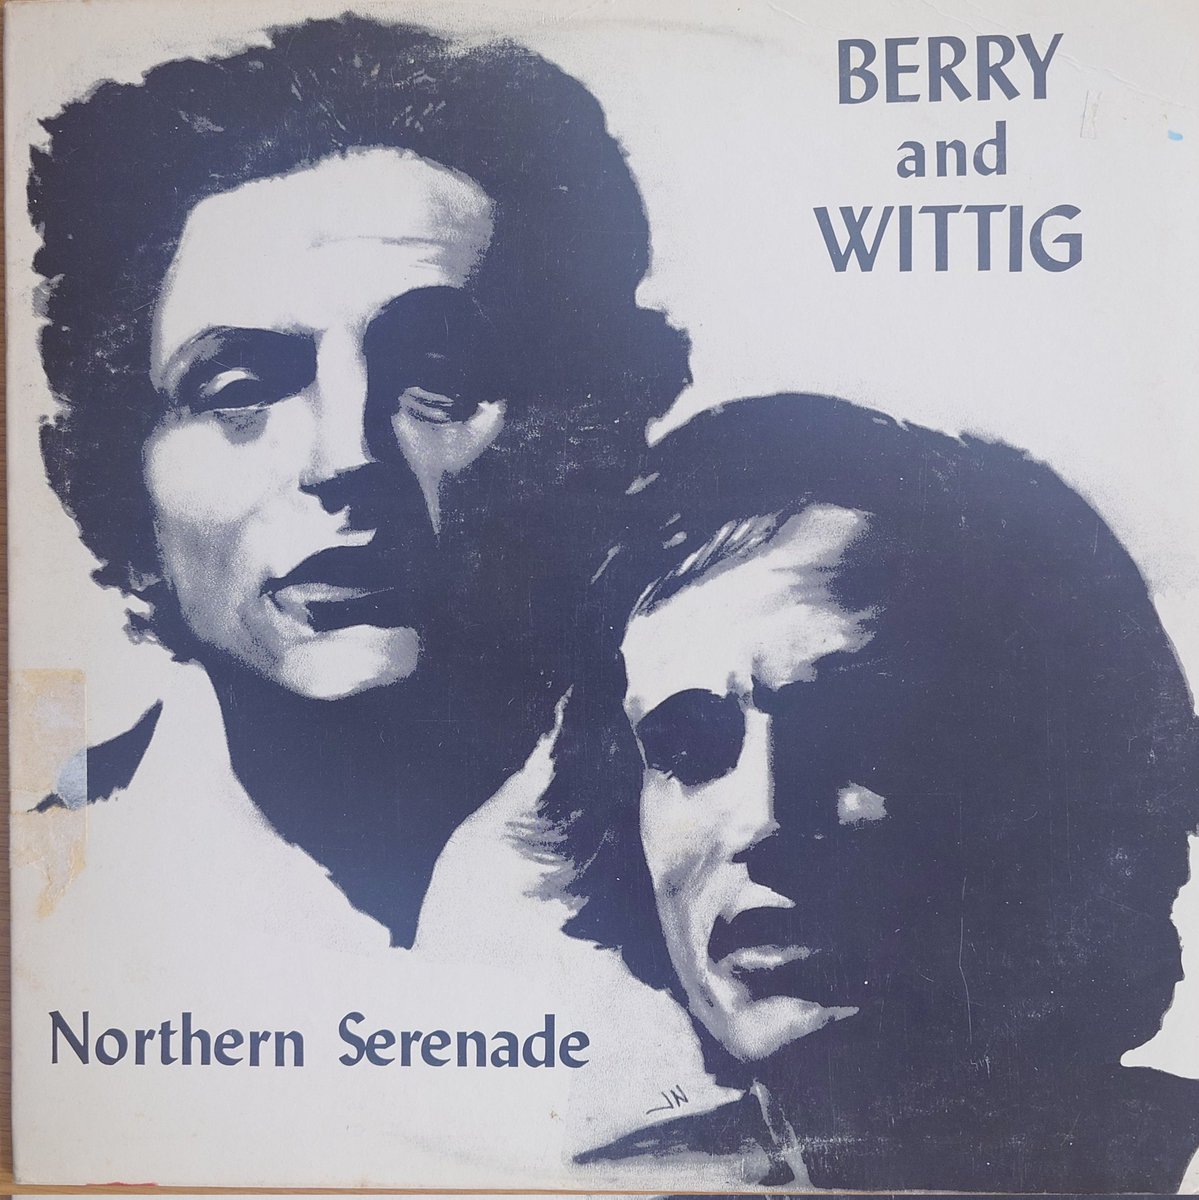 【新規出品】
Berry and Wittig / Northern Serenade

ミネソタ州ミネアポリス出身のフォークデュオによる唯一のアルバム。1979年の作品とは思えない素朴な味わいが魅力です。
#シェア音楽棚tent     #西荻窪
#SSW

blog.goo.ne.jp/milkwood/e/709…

--

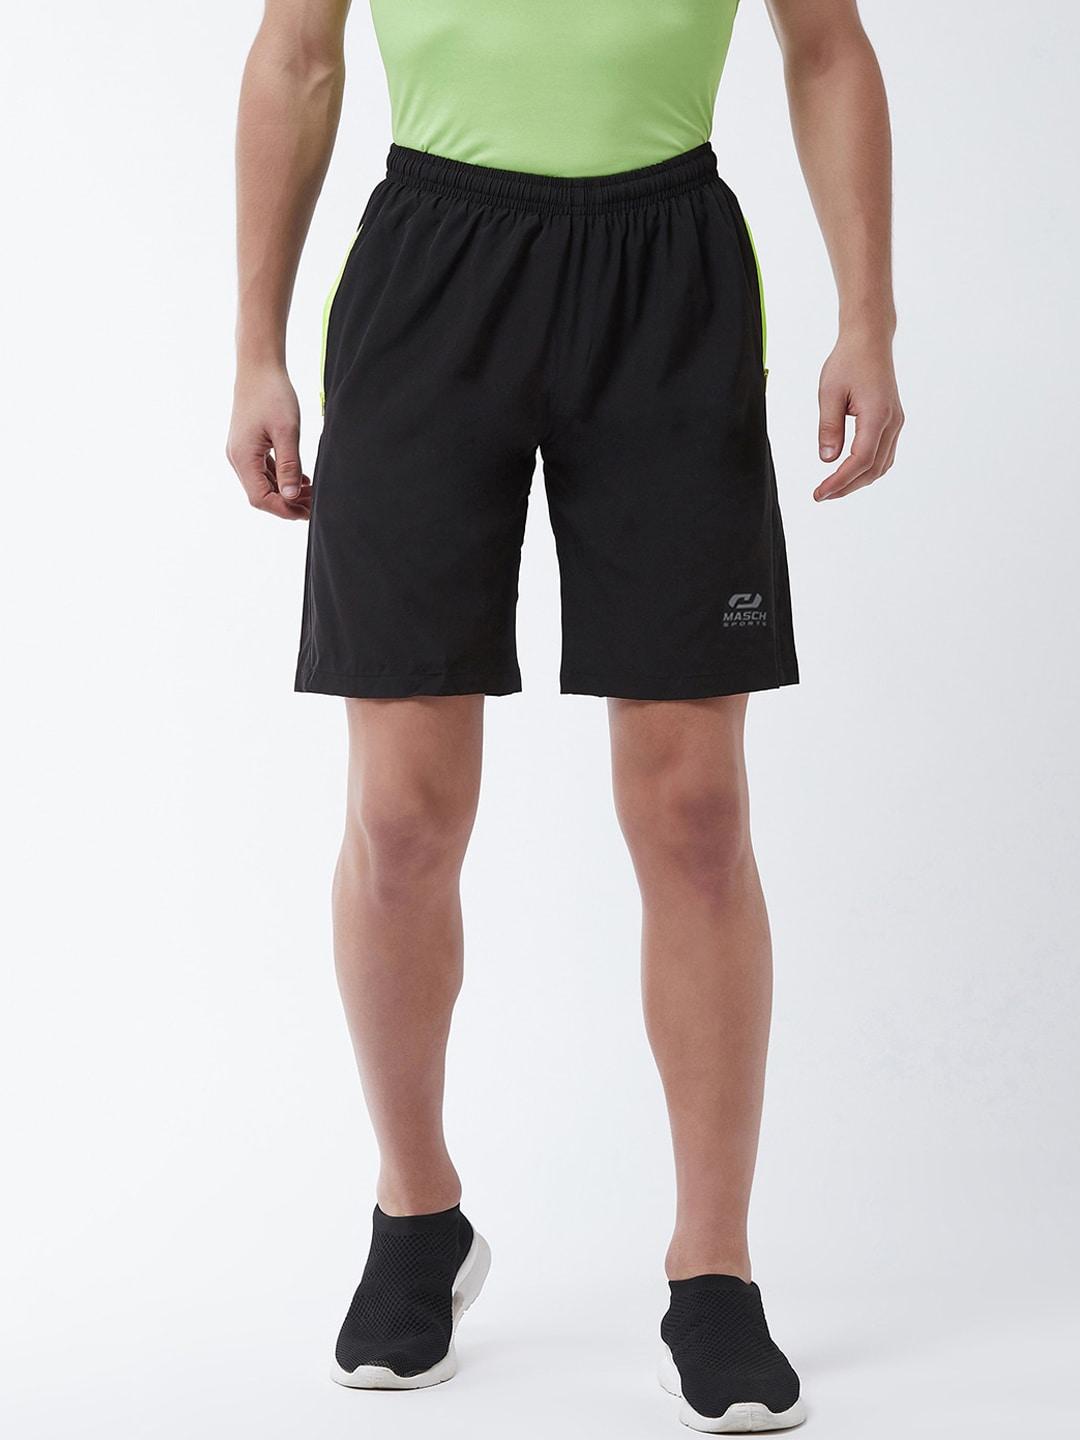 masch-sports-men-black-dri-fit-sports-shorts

> [Assignment] Taking the listing above as the source, transcribe only the lines starting at the line with "ミネソタ州ミネアポリス出身の" and going through the line with "blog.goo.ne.jp/milkwood/e/709…", unaltered and with both ends included.

> [Answer section]
ミネソタ州ミネアポリス出身のフォークデュオによる唯一のアルバム。1979年の作品とは思えない素朴な味わいが魅力です。
#シェア音楽棚tent     #西荻窪
#SSW

blog.goo.ne.jp/milkwood/e/709…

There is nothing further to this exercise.